• [What the exercise asks]: Transcribe every line of the material below exactly, leaving out the pictures.

• [Supplied material]:
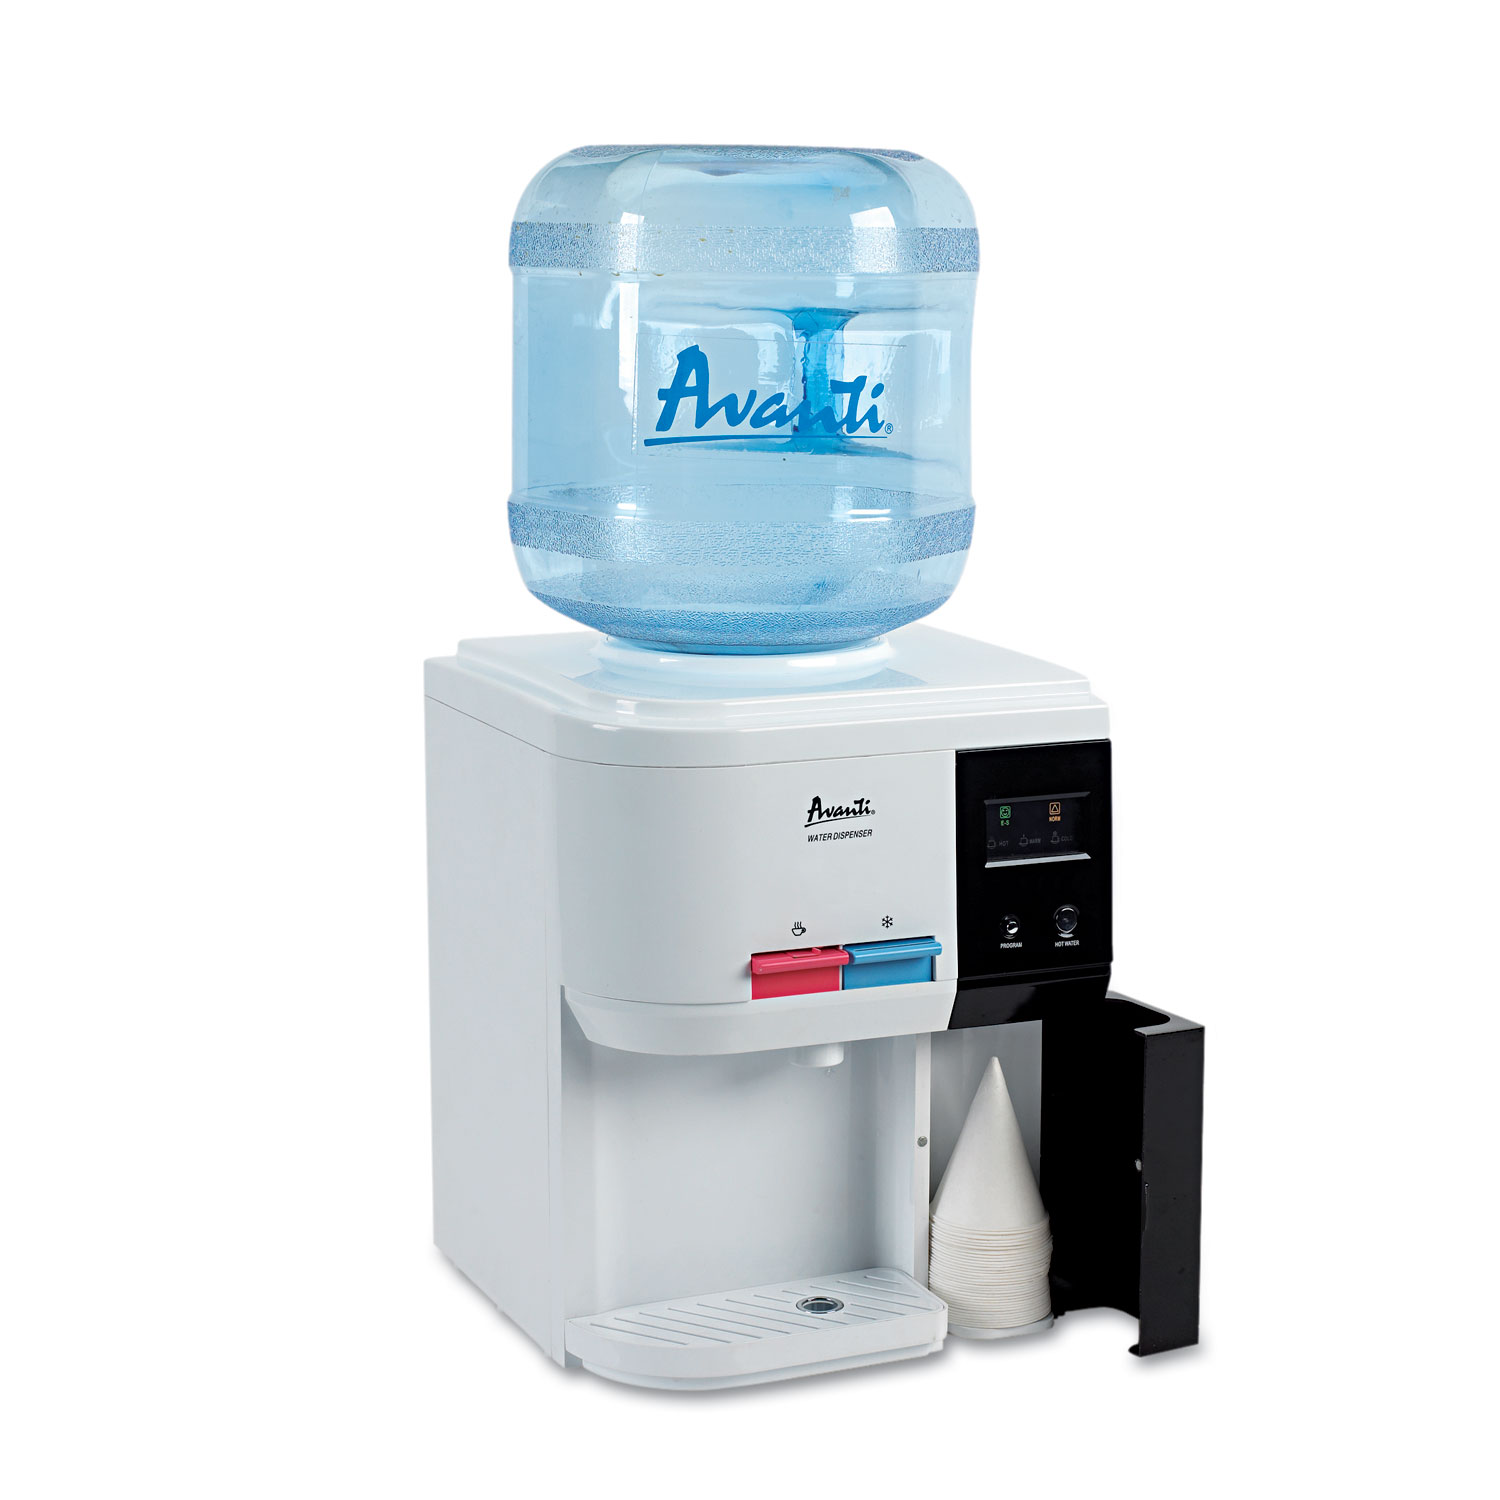 Tabletop Thermoelectric Water Cooler, 13 1/4 dia. x 15 3/4h, White
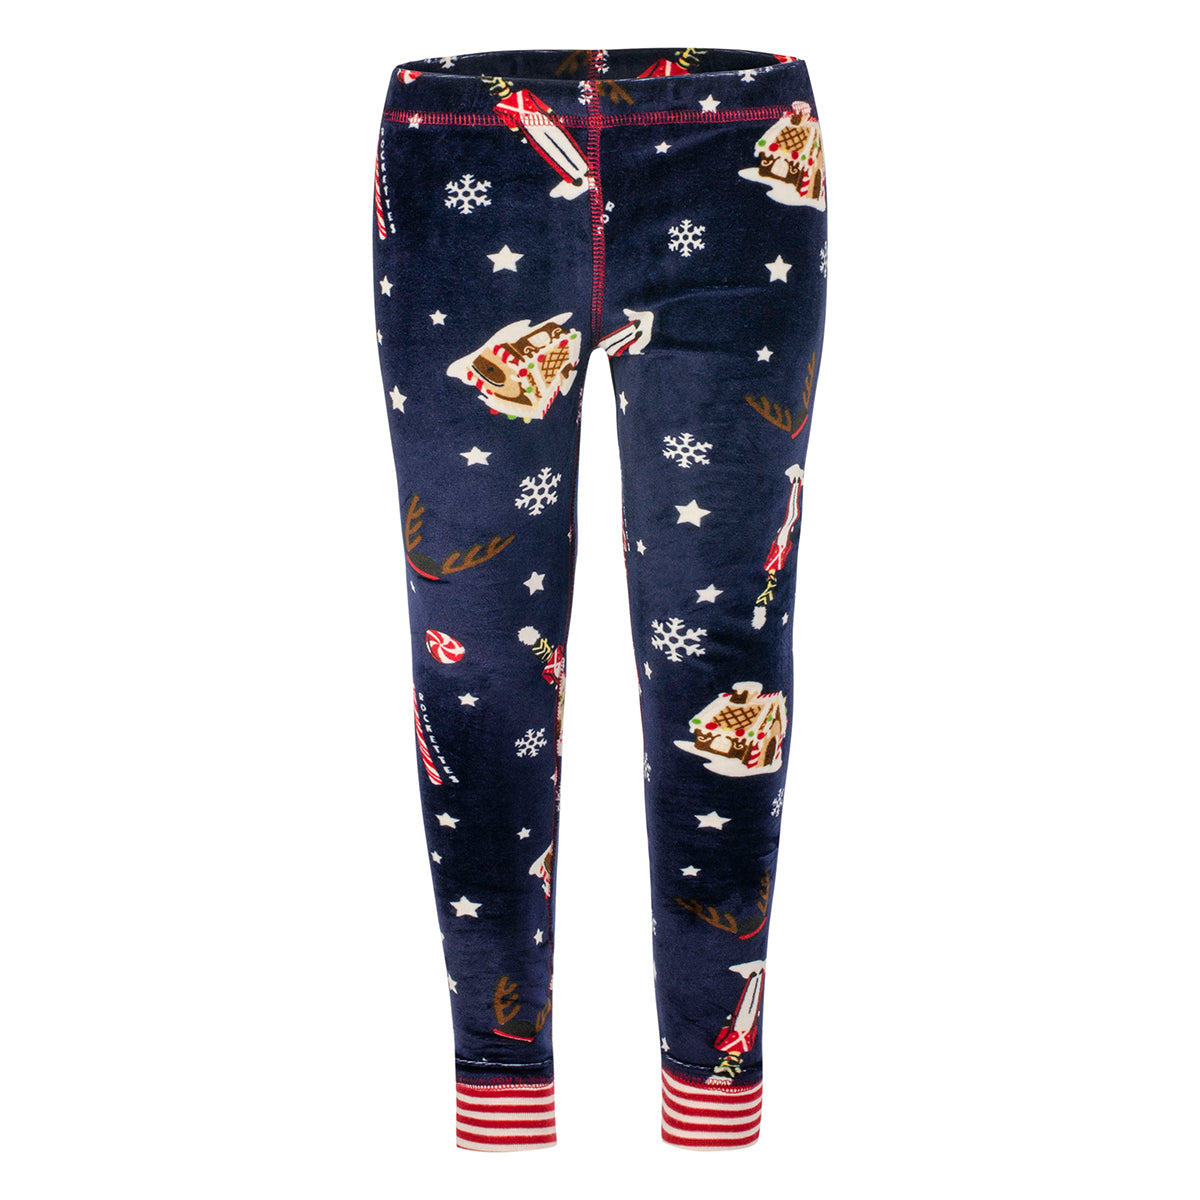 Blue Christmas pajamas pants from front view with snowy print, candy-cane patterns and toy soldier design
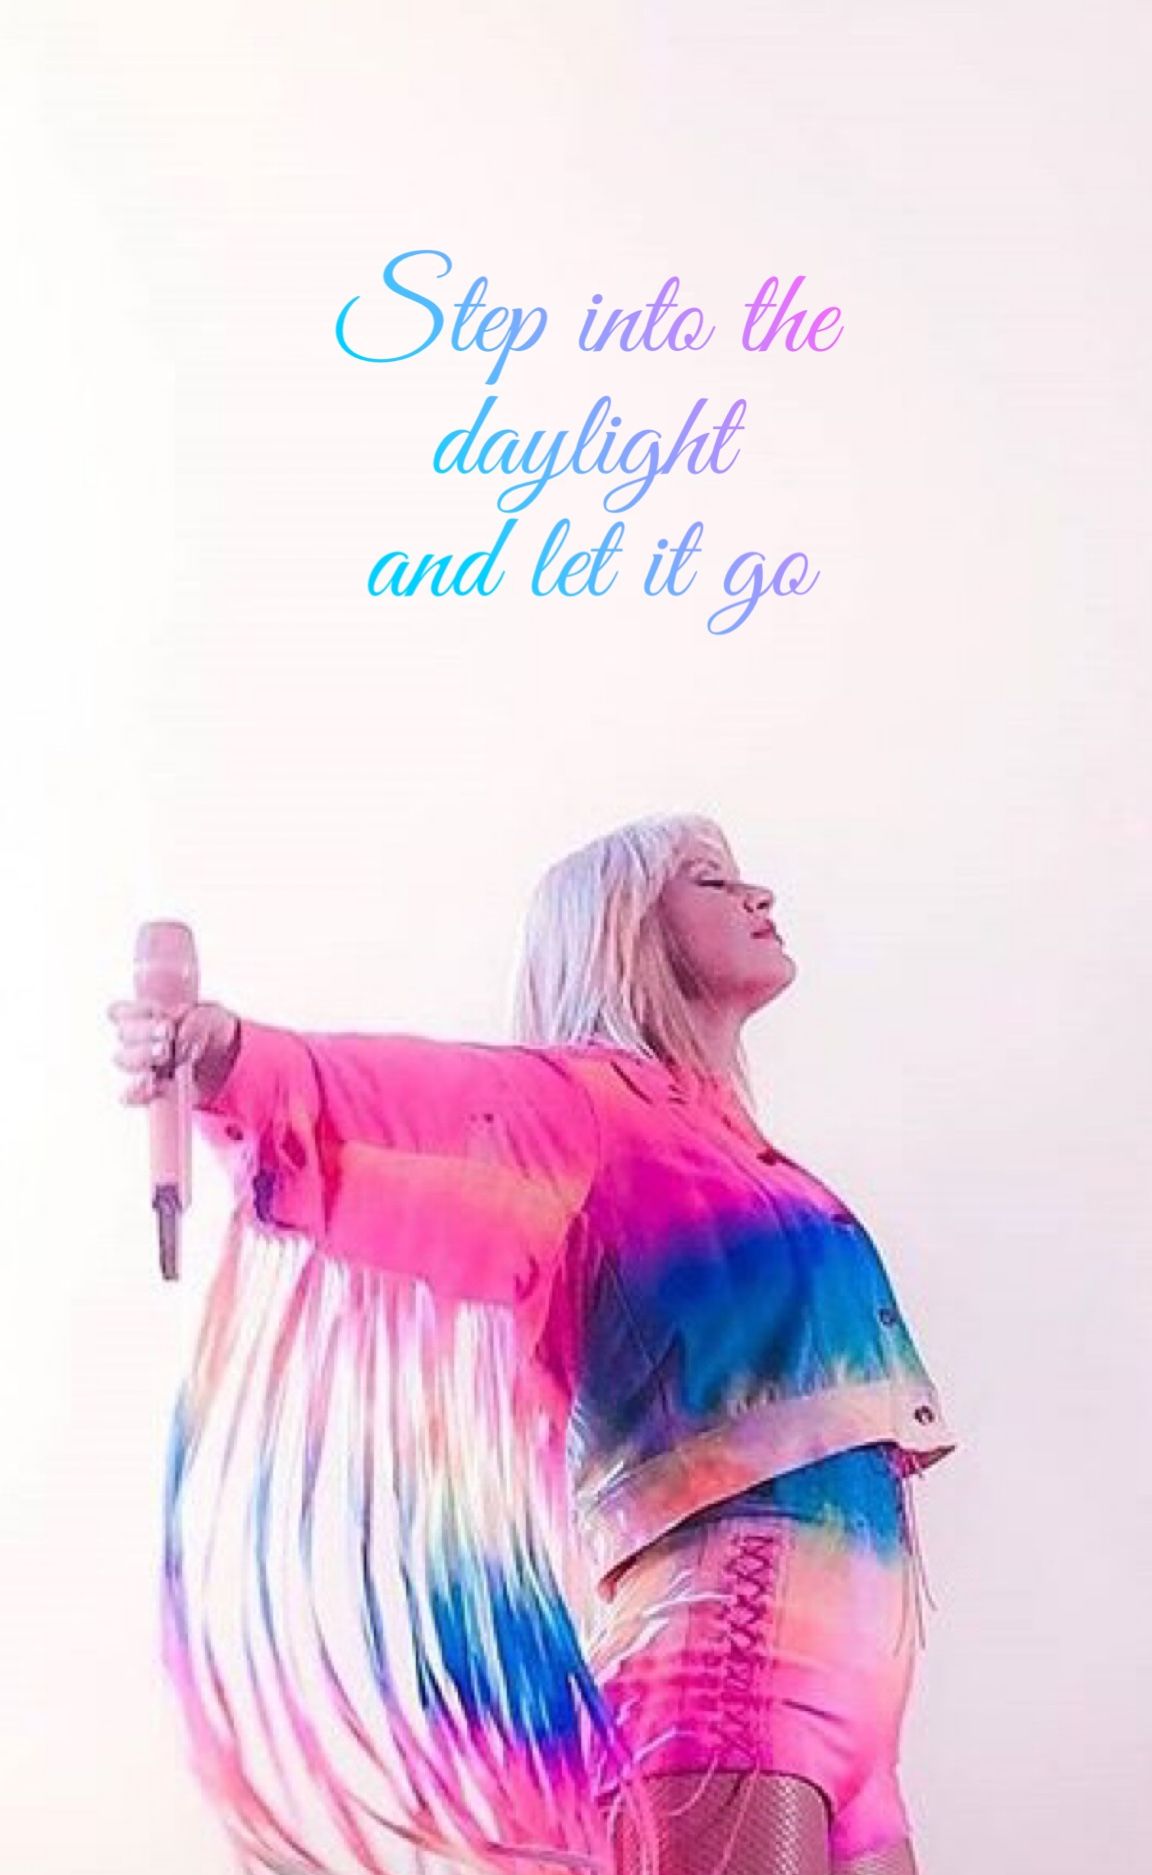 Step into the daylight and let it go ❤️. Taylor swift wallpaper, Taylor alison swift, Taylor swift

• [Response area]:
 Tabletop Thermoelectric Water Cooler, 13 1/4 dia. x 15 3/4h, White
 Blue Christmas pajamas pants from front view with snowy print, candy-cane patterns and toy soldier design
 Step into the daylight and let it go ❤️. Taylor swift wallpaper, Taylor alison swift, Taylor swift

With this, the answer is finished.